Another MIT study notes that although 80%+ of companies have integrated AI tools into workflows, 95% have seen no measurable return on that investment. The issue is not just technological but a mix of strategy, processes, culture, human skills, and management metrics.
If organizations cannot measure the impact of freed time, they cannot convert it into real benefits (like fewer hours).
The Real Intelligence Is Still Human
Mario Garcés, founder of The Mindkind, notes that today’s generative models are powerful but limited in “real intelligence” (causality, sensory experience). Many experts agree: AI can enable reduced working time by automating administrative and routine tasks but does not yet replace intellectual or critical work requiring judgment, experience, and common sense.
New Value of Work
The capacity freed by AI raises questions:
What is the value of human work?
What do we do with more free time?
How do we redefine professions?
This is where shorter workweeks or reduced hours appear as realistic options.
If we reach general AI with human-level or superior capabilities, it could handle not just repetitive tasks but also parts of solution design, experimentation, simulations, and hypothesis generation. We could have mental teams working 24/7, sharing knowledge instantly. As Garcés says: “What one AI learns, all AIs learn.”
Will we be more productive with AGI? Yes, but it may rewrite the classic productivity problem (“we produce too little”) into a new one: how to manage excess productive capacity.
When AI takes over routine or administrative tasks, humans gain hours. Instead of simply loading more work, one alternative is reducing the workday.
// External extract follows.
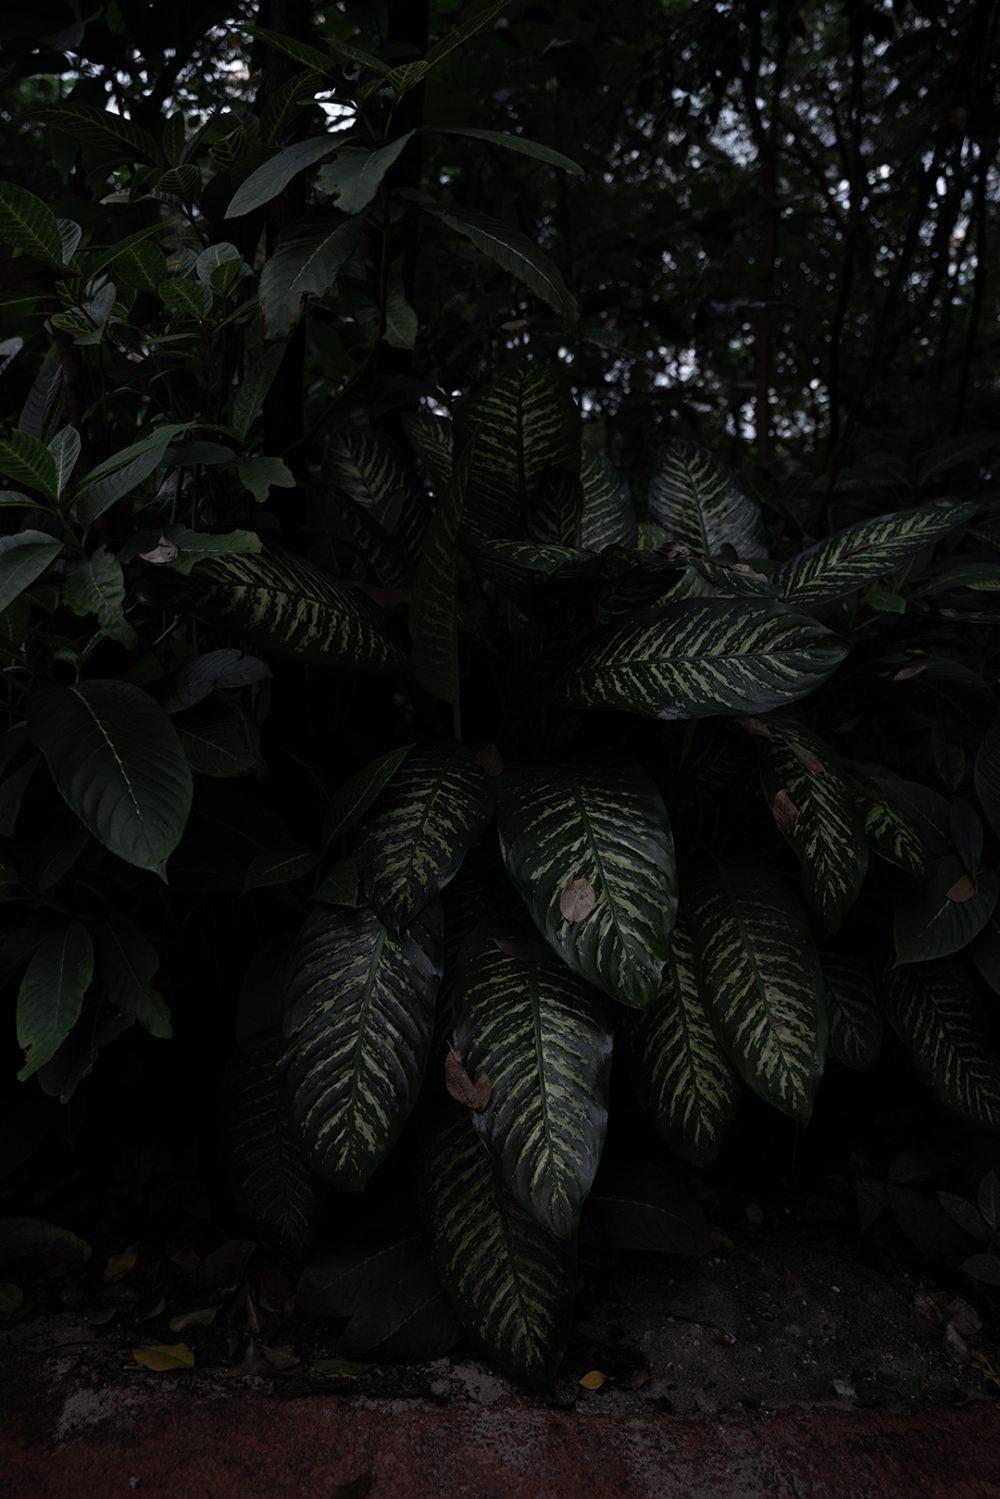 foliage-plant-exotic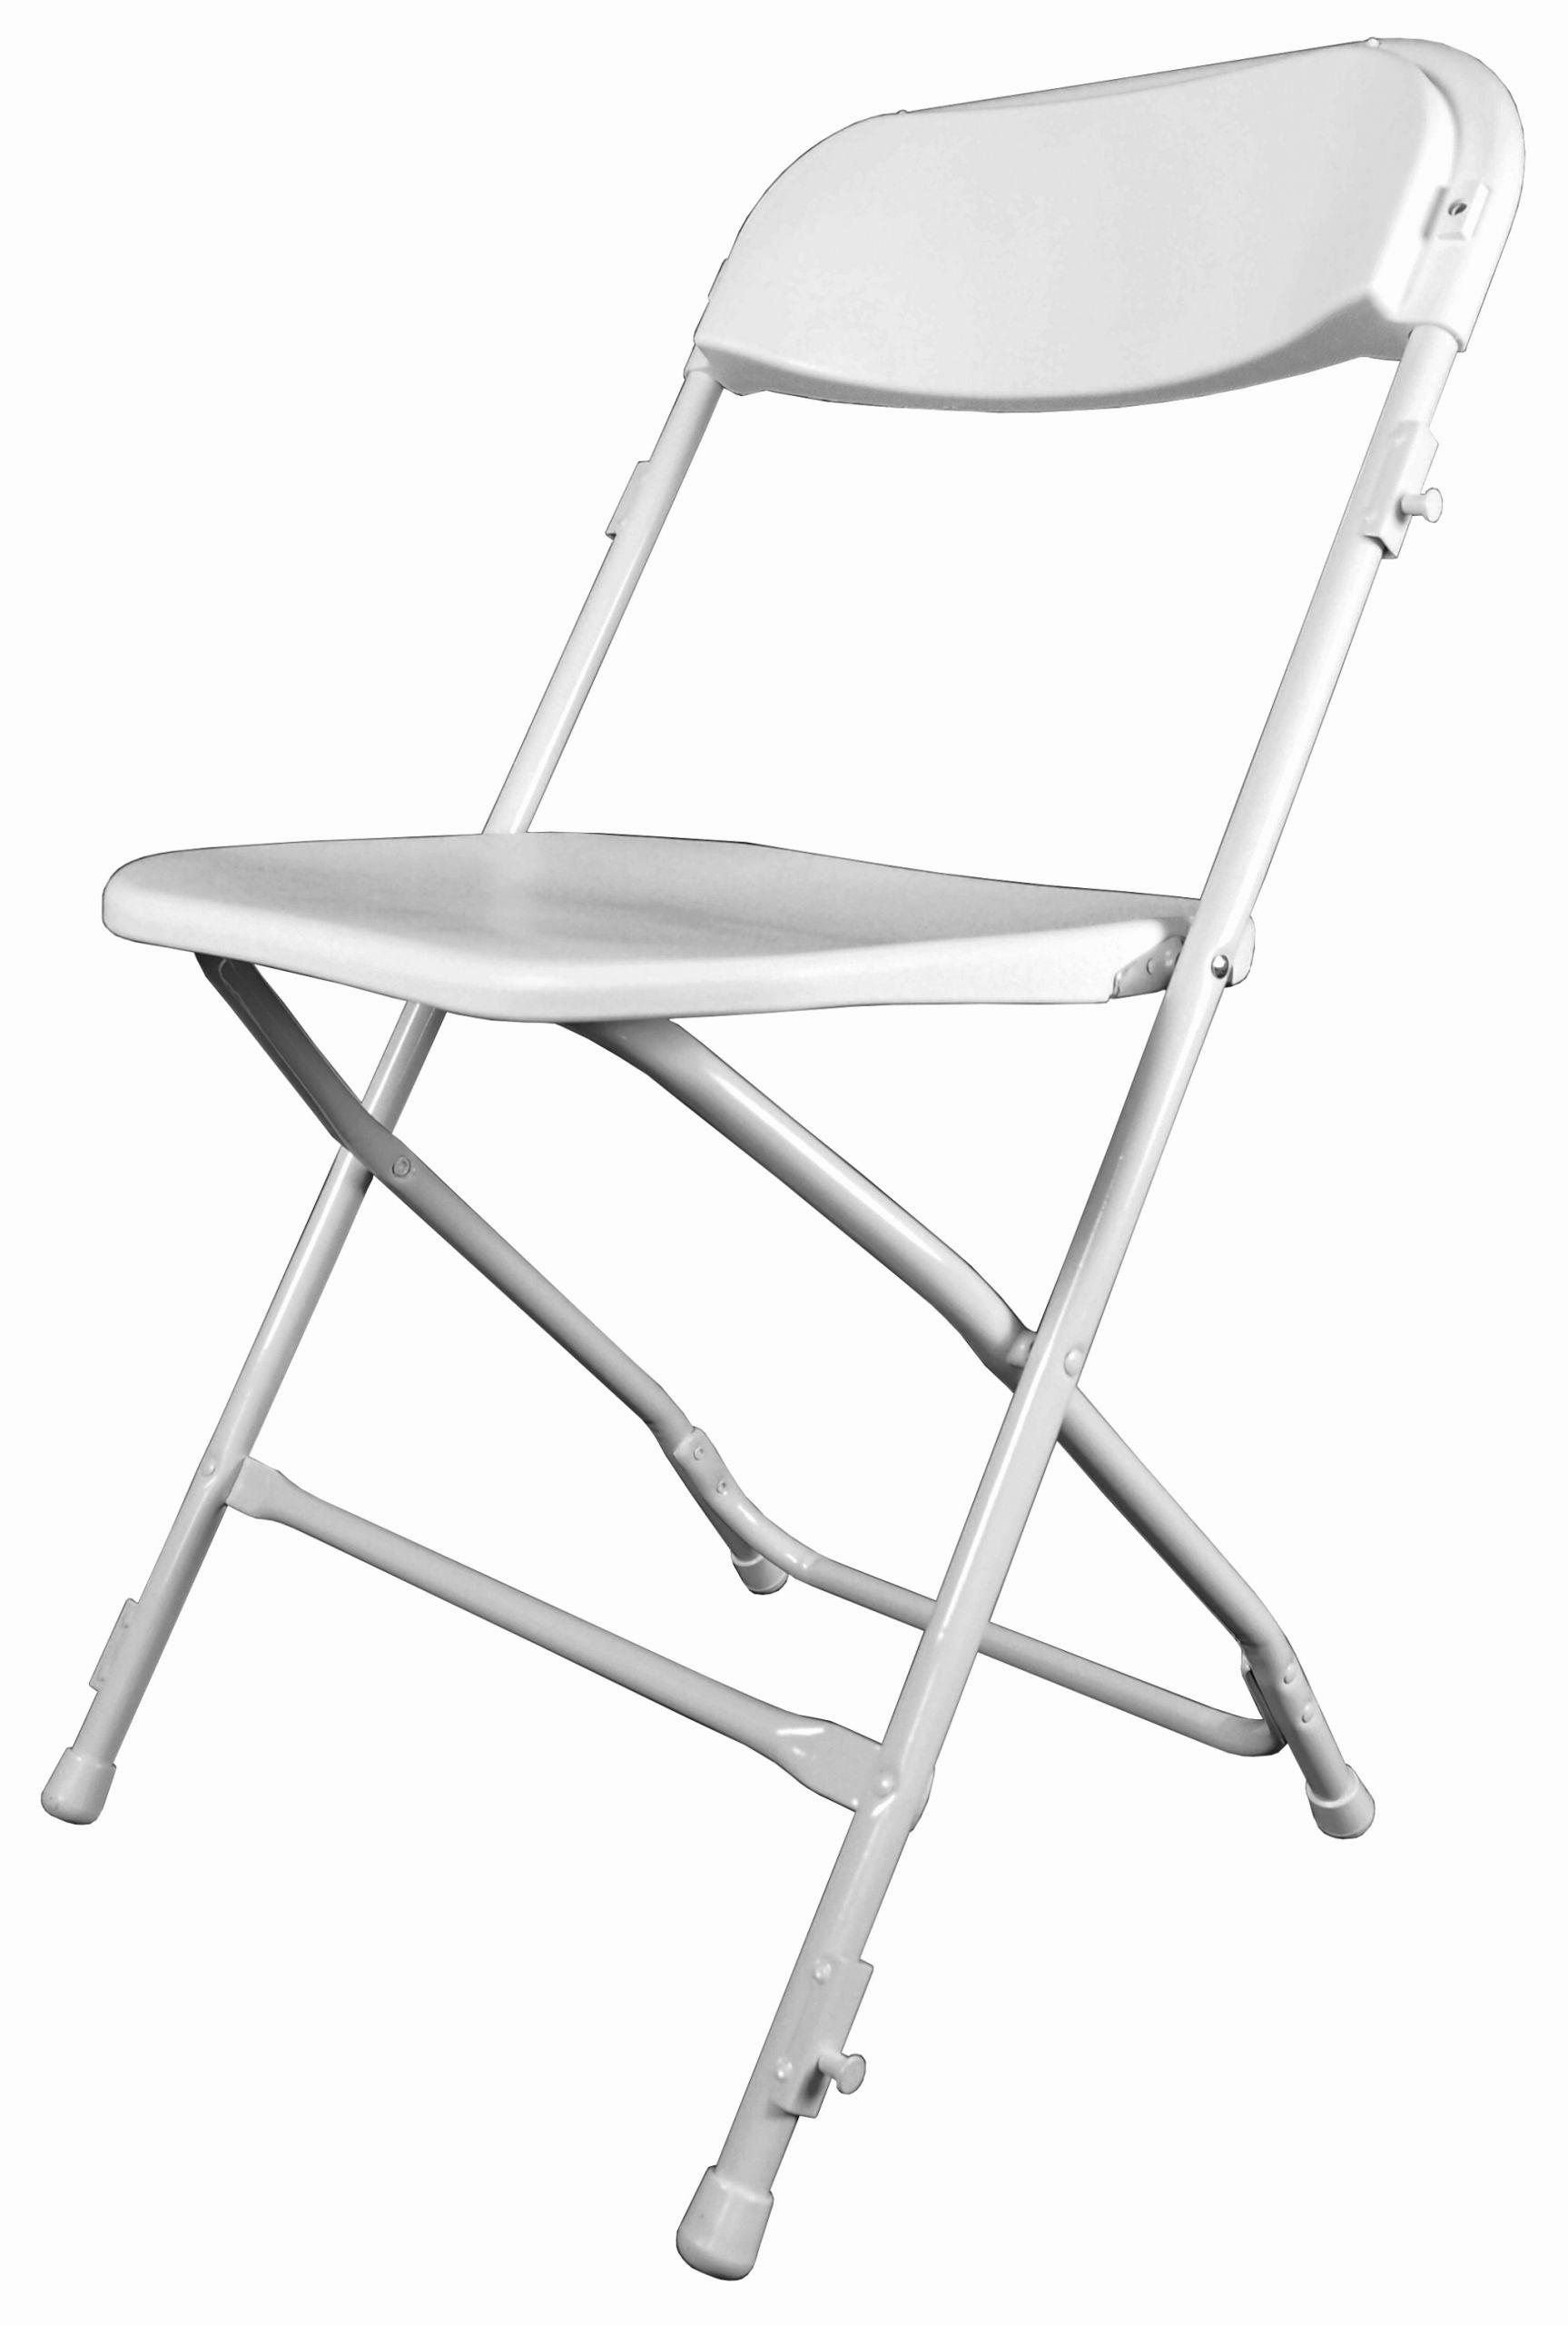 chaise haute transparente beau chaises plexiglas inspirant chaise haute but alinea chaise 0d of chaise haute transparente

Without redesigning time management around AI, the result won’t be more productivity but more burnout, with people supervising machines for many hours.
A New Work Model Will Be Inevitable
AGI leads to an uncomfortable idea: the current model of work cannot be maintained when the notion of scarce human time disappears.
If production no longer depends on our hours, keeping long workdays becomes economically inefficient, organizationally incoherent, and competitively harmful.
Reduced-hours models will become a logical consequence of any system that aims to truly leverage available intelligence—human and artificial.
General AI will not only increase productivity; it will require new responsibilities in time management.